After DB reset sidekiq connections slowly start piling up.

Right now I have 3 stuck connections with such queries:

INSERT INTO directory_items(period_type, user_id, likes_received, likes_given, topics_entered, days_visited, posts_read, topic_count, post_count) SELECT 5, u.id, 0, 0, 0, 0, 0, 0, 0 FROM users u LEFT JOIN directory_items di ON di.user_id = u.id AND di.period_type = 5 WHERE di.id IS NULL AND u.id > 0

INSERT INTO directory_items(period_type, user_id, likes_received, likes_given, topics_entered, days_visited, posts_read, topic_count, post_count) SELECT 5, u.id, 0, 0, 0, 0, 0, 0, 0 FROM users u LEFT JOIN directory_items di ON di.user_id = u.id AND di.period_type = 5 WHERE di.id IS NULL AND u.id > 0	

WITH x AS (SELECT u.id user_id, SUM(CASE WHEN ua.action_type = 2 THEN 1 ELSE 0 END) likes_received, SUM(CASE WHEN ua.action_type = 1 THEN 1 ELSE 0 END) likes_given, COALESCE((SELECT COUNT(topic_id) FROM topic_views AS v WHERE v.user_id = u.id AND v.viewed_at >= '2017-07-18 10:08:47.784897'), 0) topics_entered, COALESCE((SELECT COUNT(id) FROM user_visits AS uv WHERE uv.user_id = u.id AND uv.visited_at >= '2017-07-18 10:08:47.784897'), 0) days_visited, COALESCE((SELECT SUM(posts_read) FROM user_visits AS uv2 WHERE uv2.user_id = u.id AND uv2.visited_at >= '2017-07-18 10:08:47.784897'), 0) posts_read, SUM(CASE WHEN ua.action_type = 4 THEN 1 ELSE 0 END) topic_count, SUM(CASE WHEN ua.action_type = 5 THEN 1 ELSE 0 END) post_count FROM users AS u LEFT OUTER JOIN user_actions AS ua ON ua.user_id = u.id LEFT
2 Likes

Curious, how big is your database, how big is the directory_items table on your instance?

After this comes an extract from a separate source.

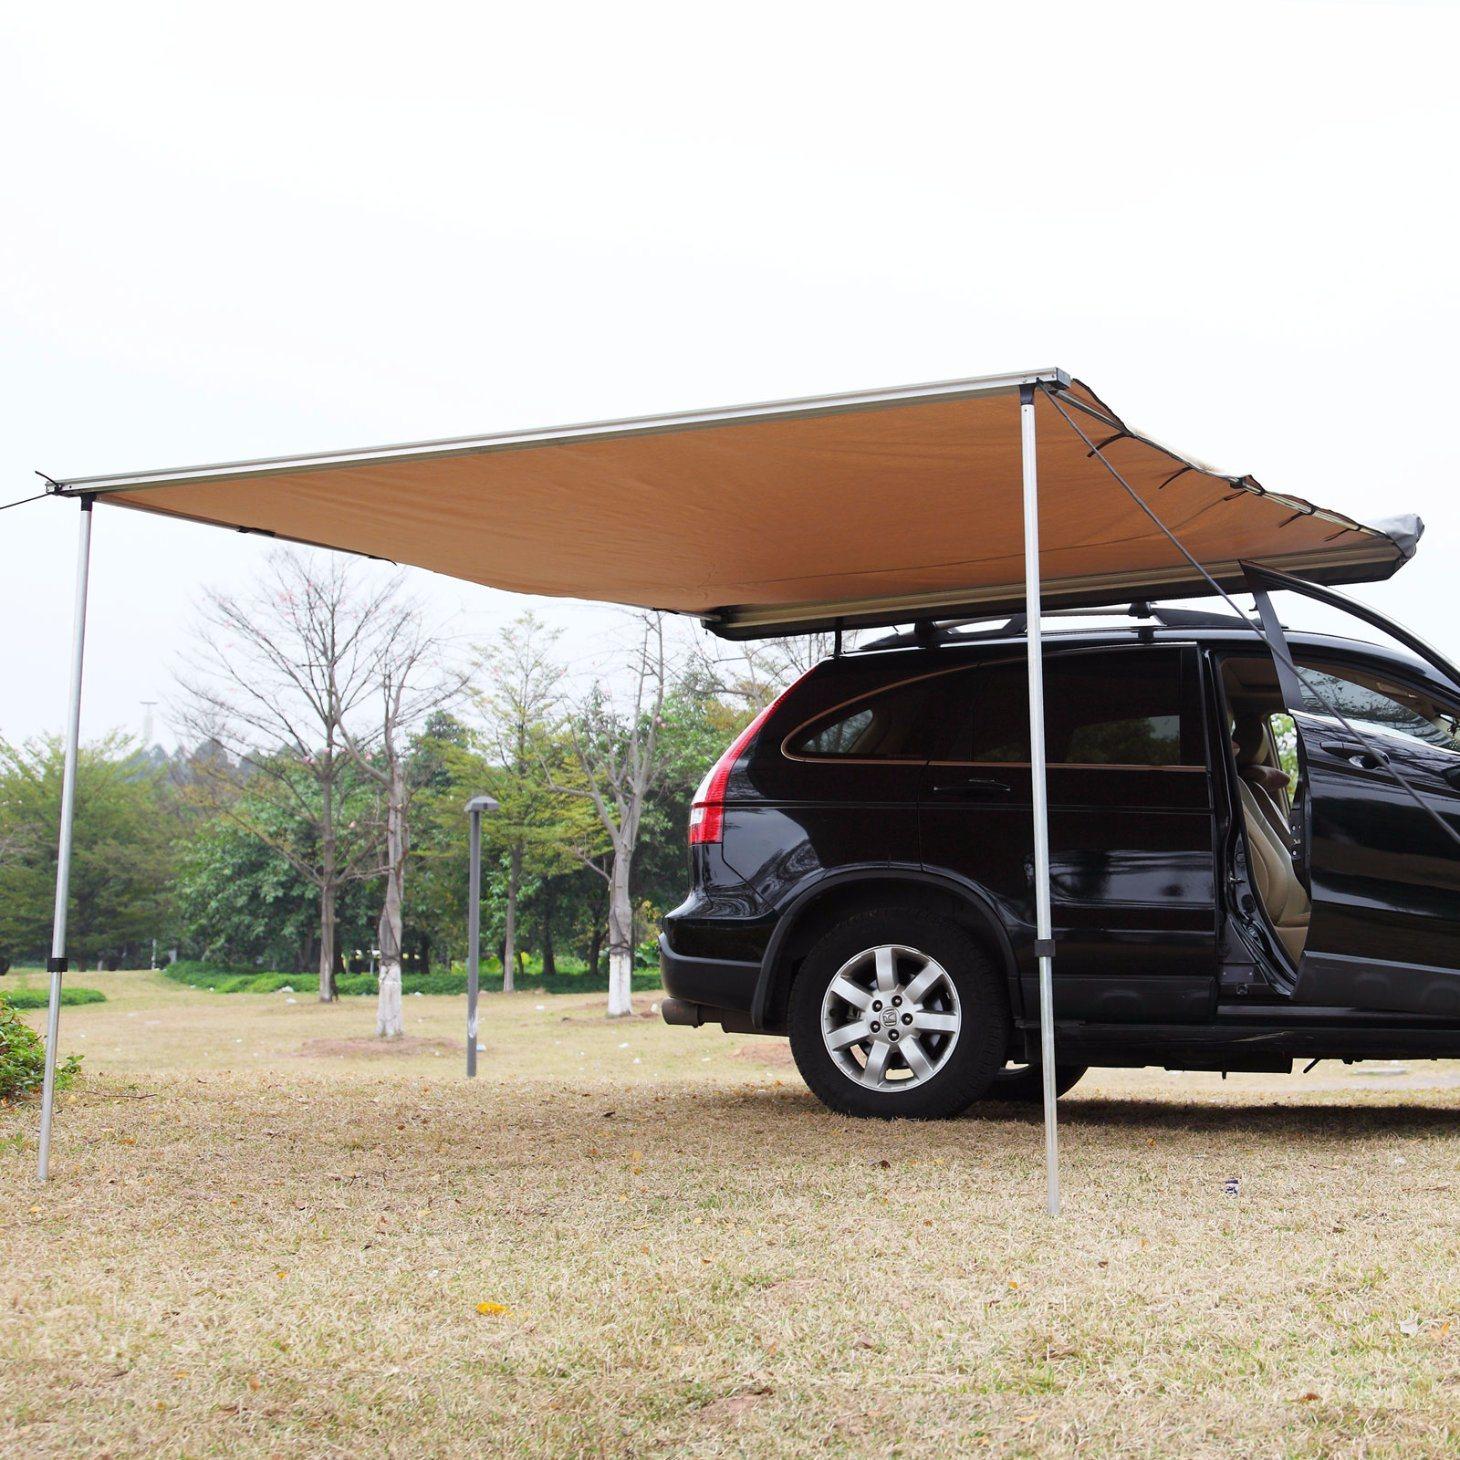 High Quality Folding Car Side Awning for Traveler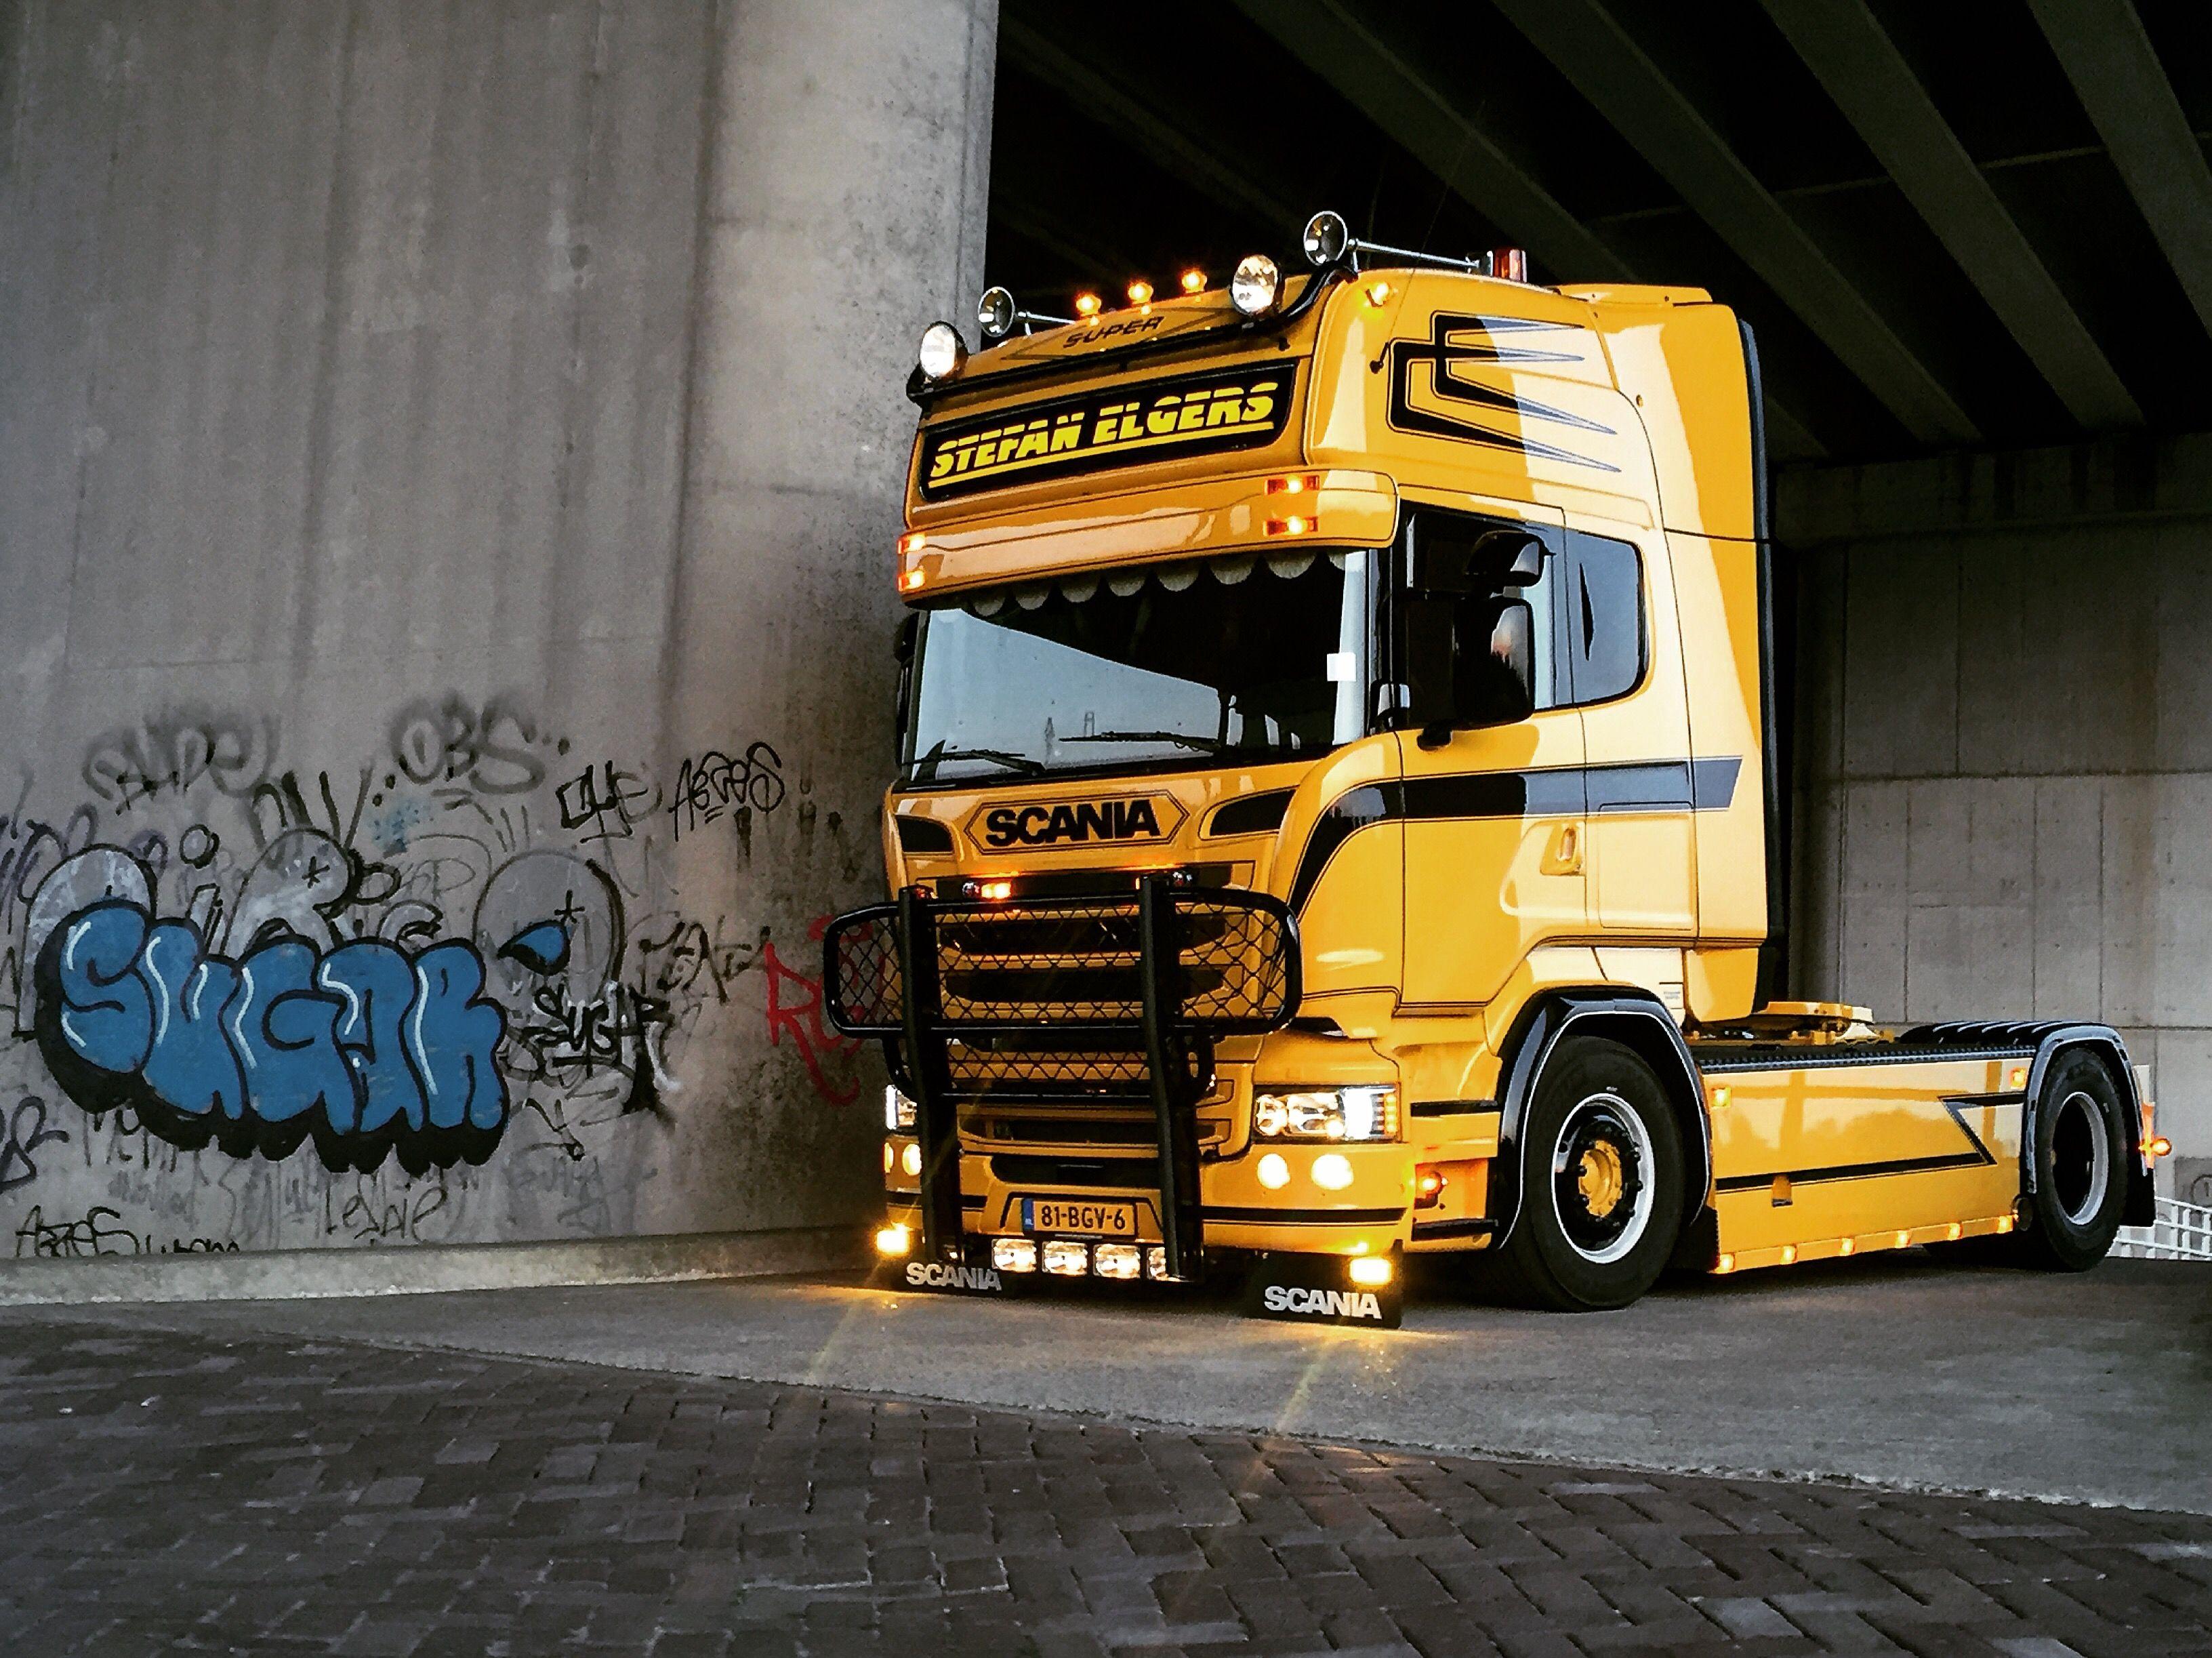 scania v8 r730 stefan elgers cars trucks pinterest semi trucks rigs and train truck. Black Bedroom Furniture Sets. Home Design Ideas

select pg_size_pretty(pg_database_size('discourse'));

returns 55 GB

The directory_items table is 207 MB.

1 Like

And in number of rows?

Record count for the table is 1698938

1 Like

Just updated the description with our README :slight_smile:

https://hub.docker.com/r/discourse/postgres/

4 Likes